A method is proposed to improve the accuracy of approximate techniques for strongly correlated electrons that use reduced Hilbert spaces. As a first step, the method involves a change of basis that incorporates exactly part of the short-distance interactions. The Hamiltonian is rewritten in new variables that better represent the physics of the problem under study. A Hilbert-space expansion performed in the new basis follows. The method is successfully tested using both the Heisenberg model and the $t-J$ model with holes on two-leg ladders and chains, including estimations for ground-state energies, static correlations, and spectra of excited states.
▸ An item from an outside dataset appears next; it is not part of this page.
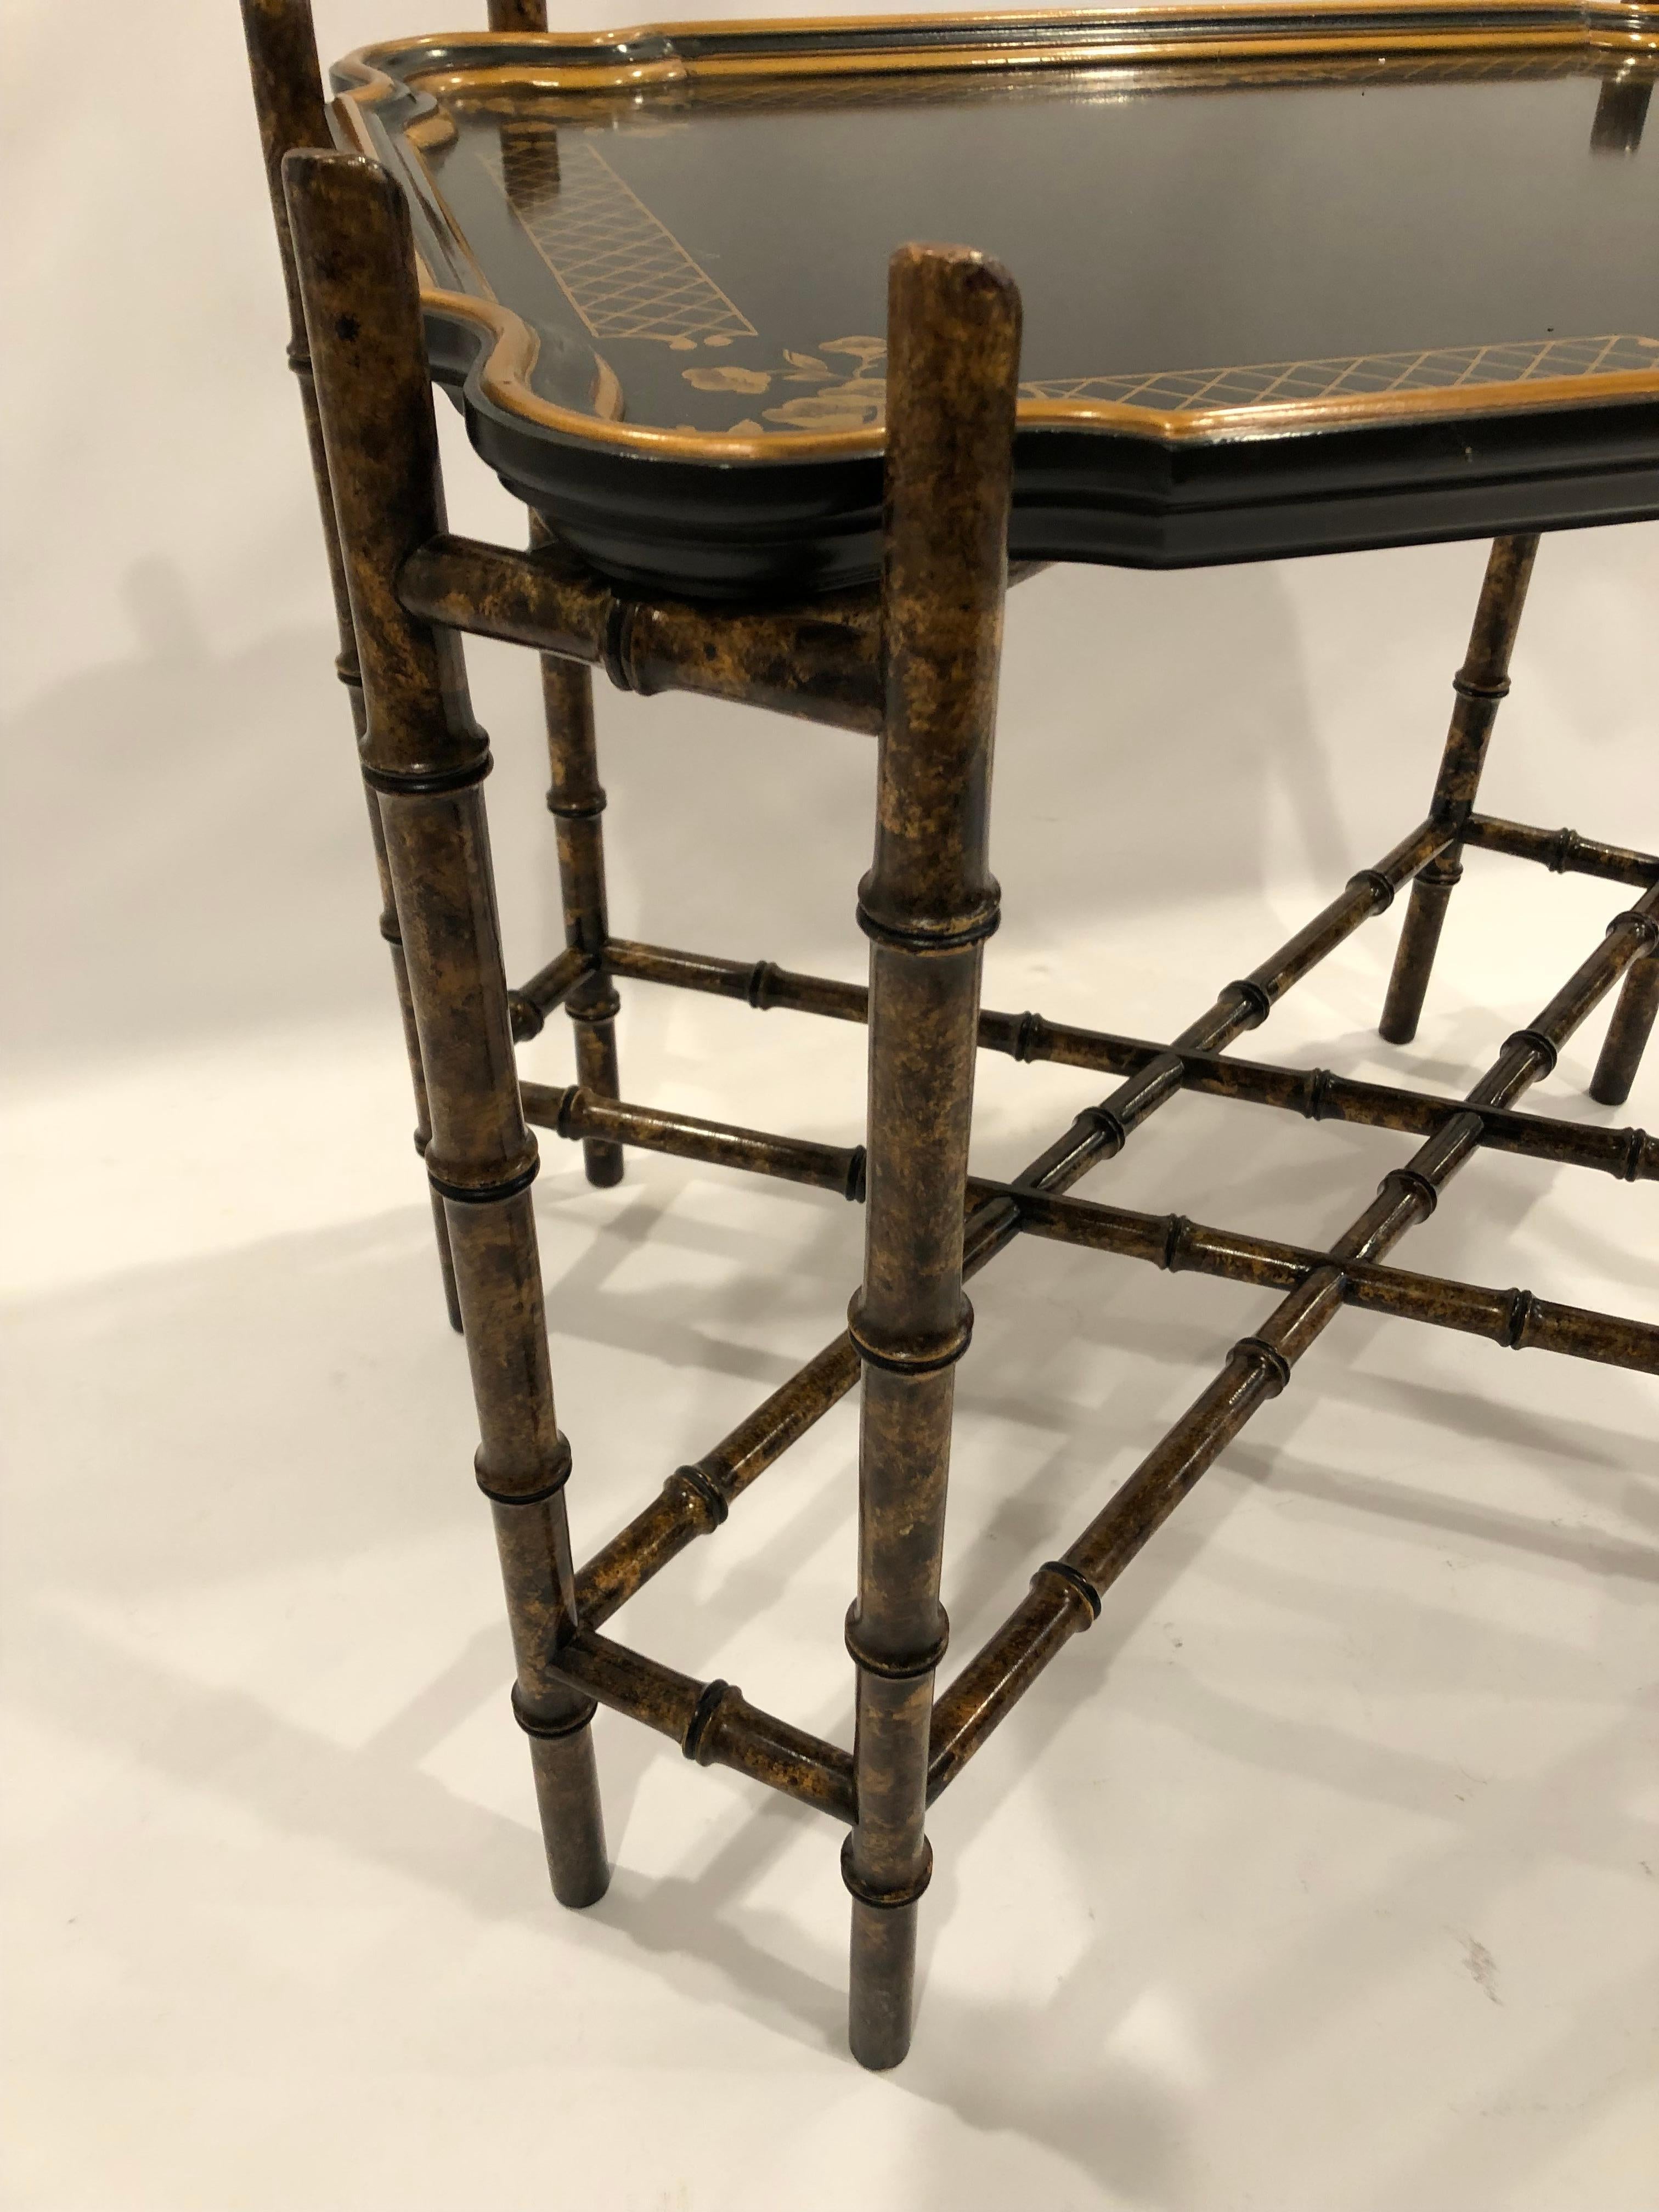 Élégante table basse à plateau d'inspiration Regency, noire et dorée, avec une base en forme de bambou et un plateau amovible festonné et décoré sur le pourtour.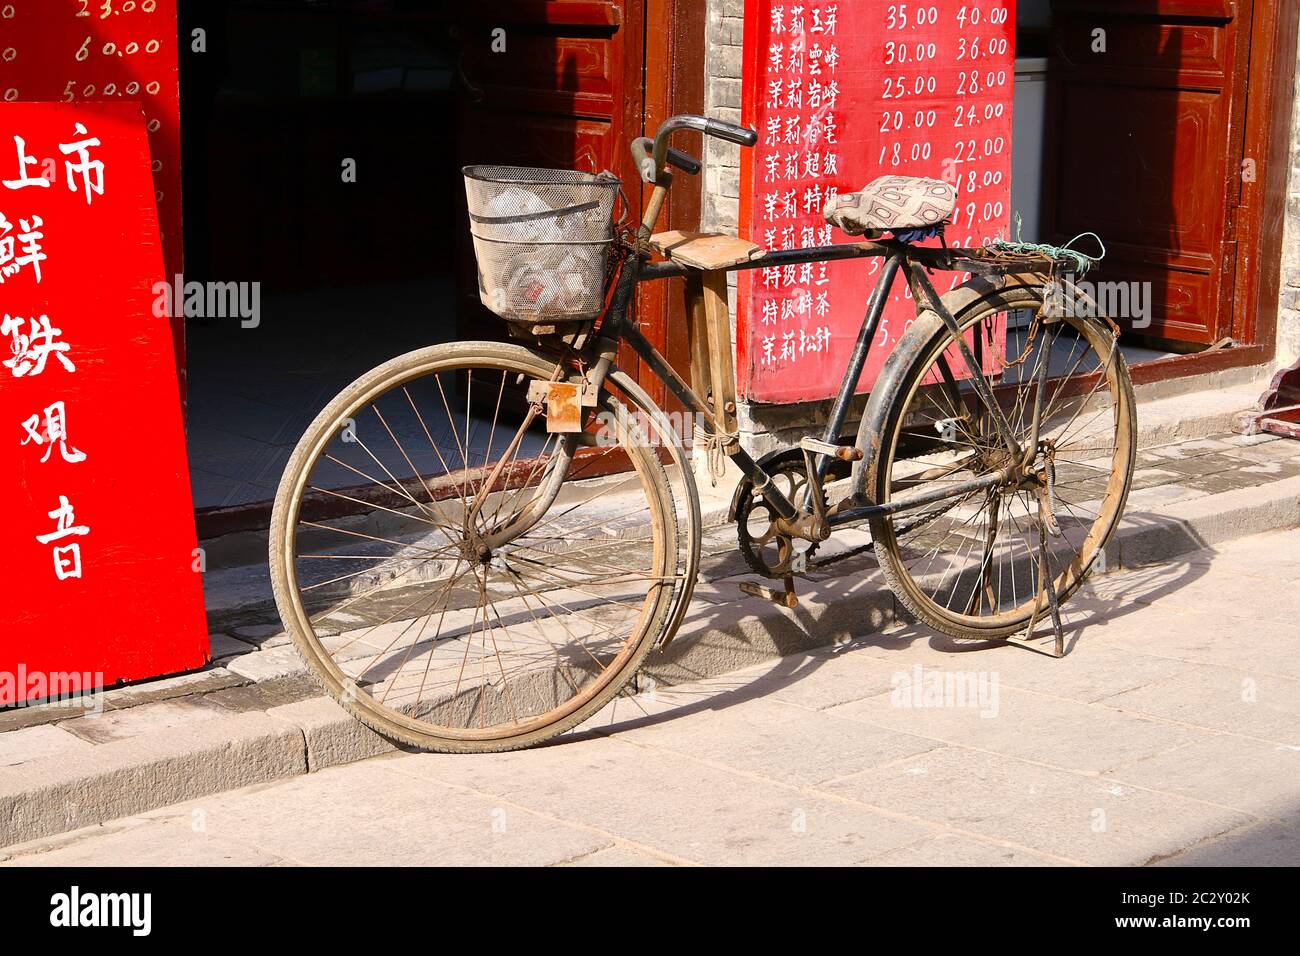 Imagen de una antigua bicicleta oxidada frente a una tienda, en la antigua  ciudad de Zhou Cun, provincia de Shandong, China. Orientación horizontal  Fotografía de stock - Alamy

An important feature of this technique is its ability to calculate dynamical responses on clusters larger than those that can be studied using exact diagonalization. The method is applied to the analysis of the dynamical spin structure factor $S(\mathbf{q},\omega )$ on clusters with $2\times 16$ sites and 0 and 2 holes. Our results confirm previous studies [M. Troyer, H. Tsunetsugu, and T. M. Rice, Phys. Rev. B 53, 251 (1996)] that suggested that the state of the lowest energy in the spin-1 2-hole subspace corresponds to the bound state of a hole pair and a spin triplet. Implications of this result for neutron-scattering experiments both on ladders and planes are discussed.